A federal judge on Wednesday blocked Ohio’s law banning abortions after the detection of a fetal heartbeat, which can happen as early as six weeks into a pregnancy. Senior U.S. District Judge Michael Barrett issued a 12-page ruling in which he granted a preliminary injunction blocking enforcement of the so-called “heartbeat law.”
Under the law, which was signed by Governor Mike DeWine in April, doctors who perform abortions either after they detect a heartbeat or if they fail to perform an abdominal or transvaginal ultrasound to check for a heartbeat would face a fifth-degree felony, punishable by up to a year in jail and a $2,500 criminal fine.
Barrett reasoned that the plaintiffs in the case, the American Civil Liberties Union (ACLU) and Planned Parenthood, would ultimately be successful in their lawsuit because the heartbeat law failed to meet the “undue burden” test set forth by the Supreme Court in the 1992 decision Planned Parenthood v.
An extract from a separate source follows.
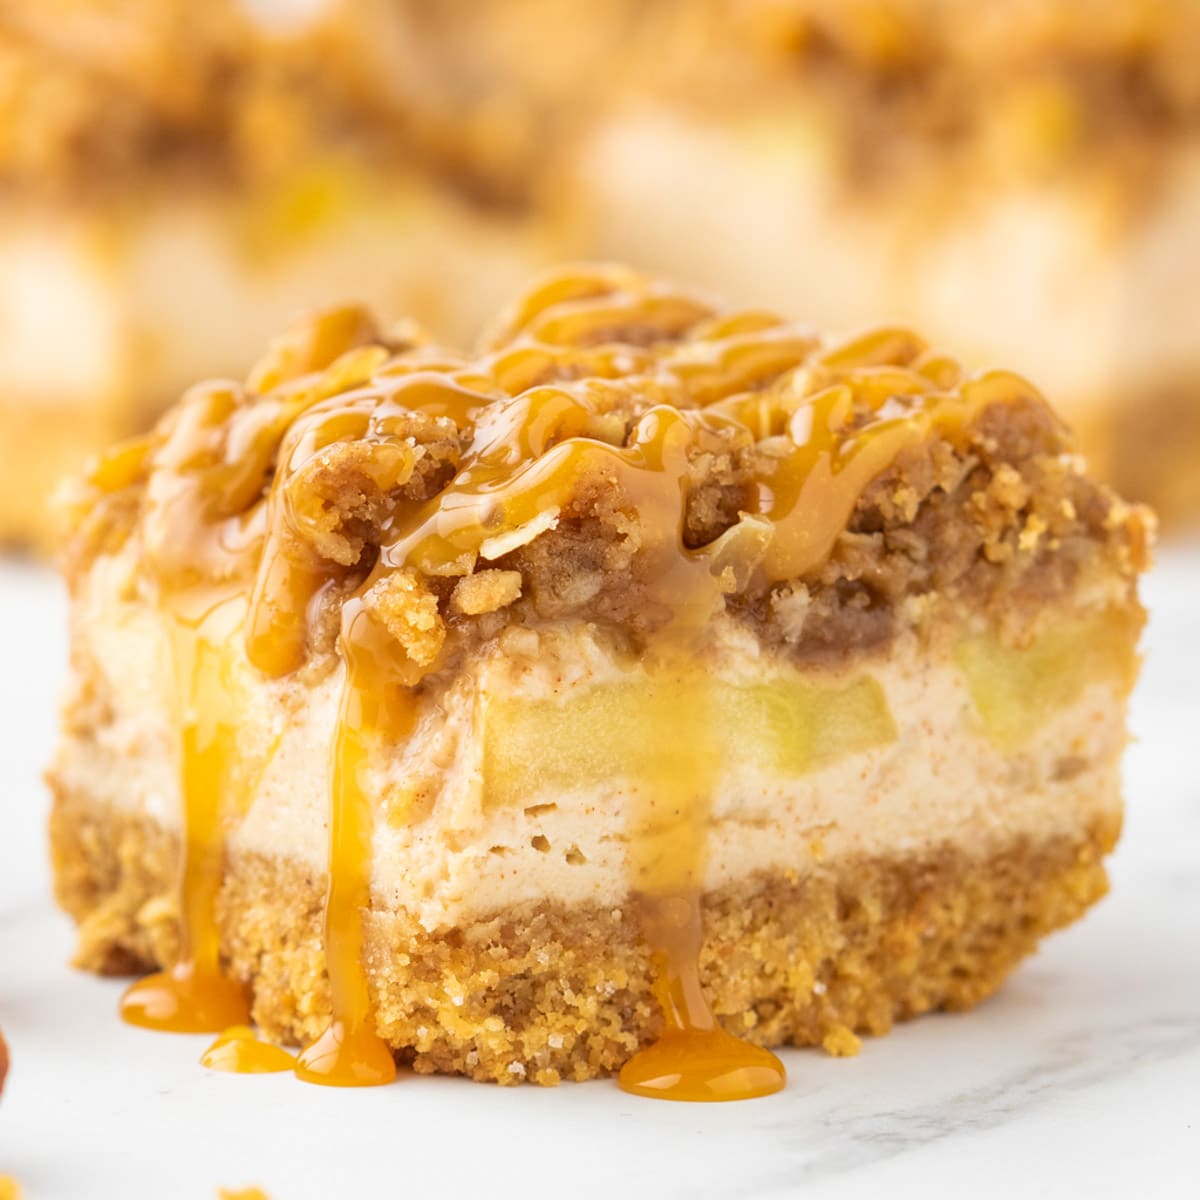 a cheesecake bar with streusel, caramel and apples

Casey.
“This Court concludes that (the heartbeat law) places an ‘undue burden’ on a woman’s right to choose a pre-viability abortion, and, under Casey, Plaintiffs are certain to succeed on the merits of their claim,” Barrett wrote, adding that the law “is unconstitutional on its face.”
According to Barrett, if enforced, the law would place far more than an undue burden on women seeking an abortion, going so far as to say that “one could characterize the obstacle Ohio women will face as not merely ‘substantial,’ but, rather, ‘insurmountable.’”
The decision also noted that women rarely know they’re with child within the first six weeks of pregnancy and that the law would have effectively outlawed abortion throughout the state, with no exceptions for cases of rape or incest.
“[The law], as its sponsors intended, will have the effect of preventing nearly all abortions in Ohio. A woman with irregular periods likely will be denied the opportunity to seek an abortion altogether because she will not realize that she is pregnant in time to choose her fate,” the judge wrote.
The ACLU of Ohio and Planned Parenthood released a statement after the injunction was announced praising the court’s decision.
“Today the Court has upheld the clear law: women in Ohio (and across the nation) have the constitutional right to make this deeply personal decision about their own bodies without interference from the State,” said Freda Levenson, the ACLU of Ohio’s legal director.
Barrett was appointed to the court in 2006 by Republican President George W. Bush.